Torrentizia e con ritmo indiavolato in campo, stesso canovaccio anche fuori dal parquet? Susy ed i suoi hobby/passioni.
“La mia scelta di fare la spola tutti i giorni da Sirmione a Milano viene spesso considerata scellerata, e non posso dare tutti i torti, ci sono giornate in cui mi sento una pallina del flipper. Contrariamente a quella che è l’opinione comune, trovo i lunghi viaggi in treno particolarmente rilassanti, poiché mi ritaglio del tempo per dare sfogo ad una delle mie più grandi passioni: la lettura. Leggo di tutto, dai libri di qualunque genere, ai quotidiani, i dépliant del supermercato, gli ingredienti sul barattolo della maionese. Quest’ultimi non in treno, chiaramente. In un’epoca in cui il collezionismo è sempre meno considerato come hobby, porto avanti la causa con la mia interminabile collezione di calzini stravaganti, che comprende (non scherzo) circa 130 paia. Probabilmente in una vita precedente ero un millepiedi”.
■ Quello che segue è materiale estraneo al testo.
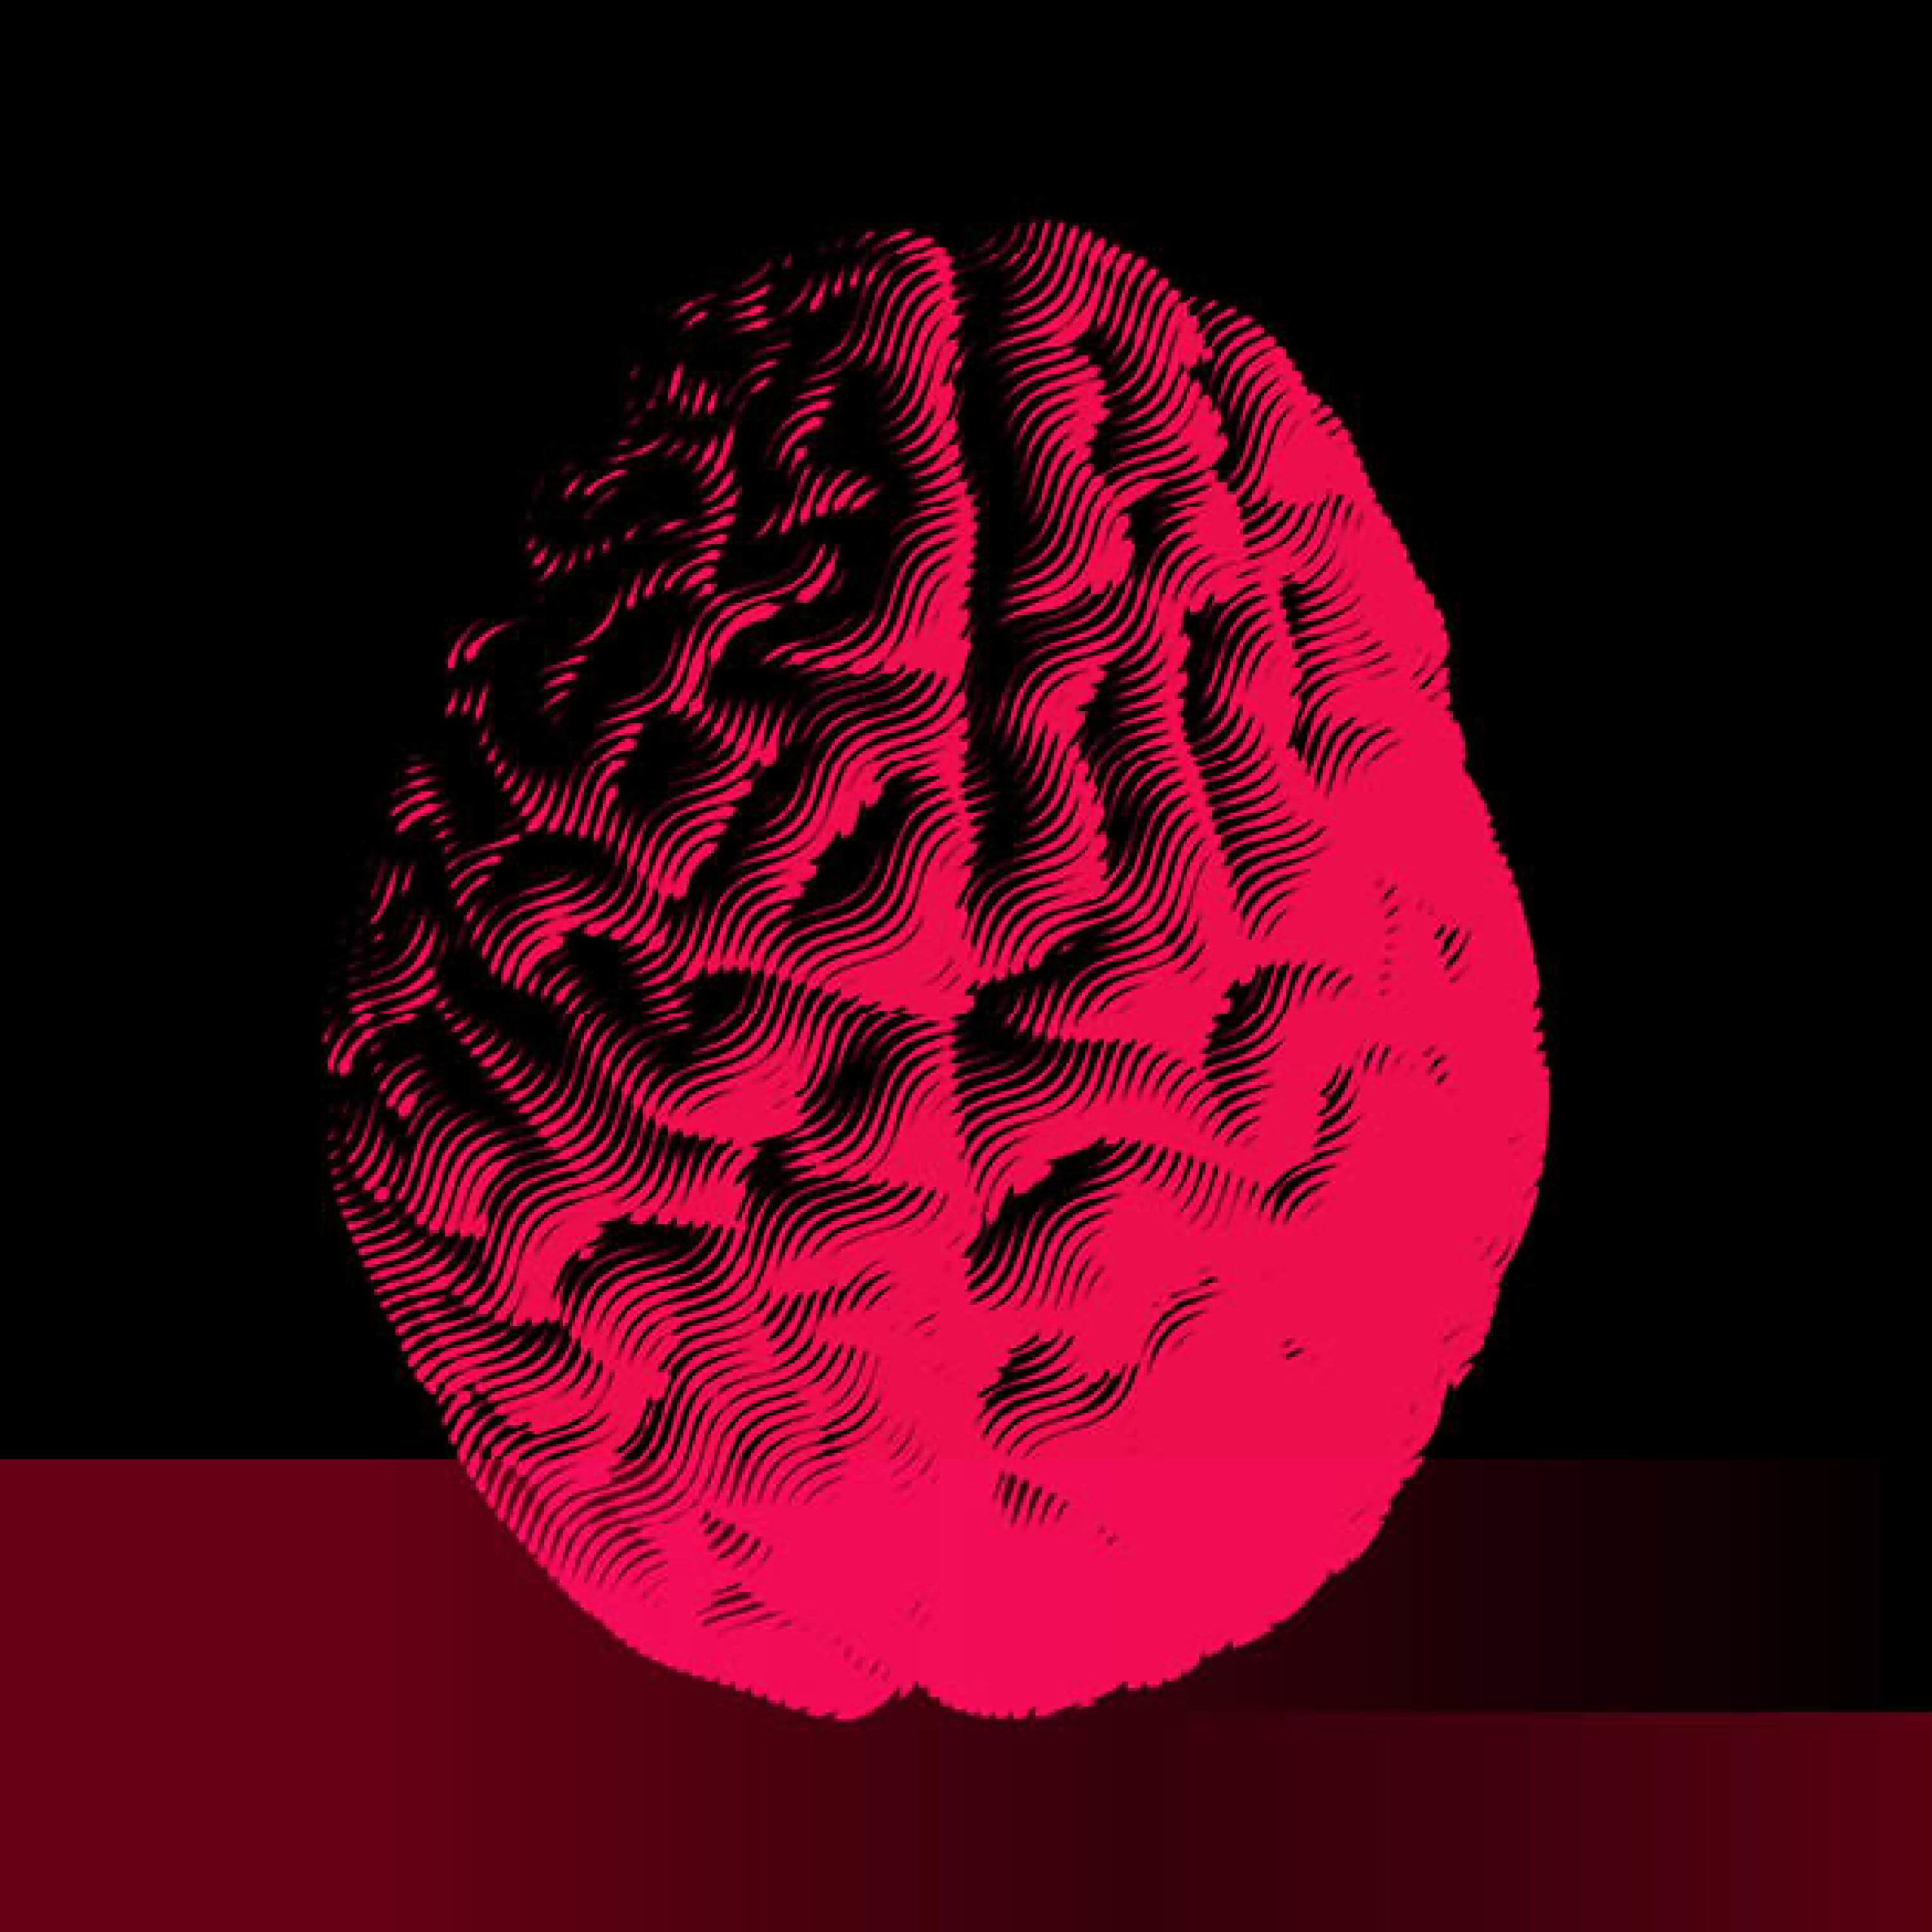 Brain shaded in red and black

Ti piace la comunicazione a tutti i livelli: non manchi anche di dire la tua su temi che vanno molto al di là del basket. Quali sono gli argomenti che ti appassionato, e che magari ti fanno imbestialire?
“Guardando la società nel suo complesso. Se “dire la tua” è un modo carino per dire che mi piace polemizzare su qualsiasi cosa, allora sì, ci tengo molto a dire la mia. Scherzi a parte, mi infastidisce particolarmente il clima d’odio e di rifiuto della diversità instaurato da persone disinformate che vogliono dire la loro a tutti i costi. Per questo considero la lettura dei quotidiani un atto estremamente formativo, per la possibilità di guardare da diverse angolazioni quel che succede nel mondo e la conseguente promozione di una cultura maggiormente inclusiva”.
I sogni di Susy, dentro e fuori il parquet.
“Vorrei diventare insegnante di educazione fisica, seguendo le orme dei miei genitori e, al contempo, allenare in una scuola calcio. Cestisticamente parlando mi piacerebbe semplicemente diventare un esempio per le bimbe del minibasket e una compagna di squadra su cui fare affidamento nei momenti critici. In realtà il mio più grande sogno è da sempre quello di schiacciare a due mani nel canestro regolare da 3.05, ma non volevo sembrare esageratamente utopistica”.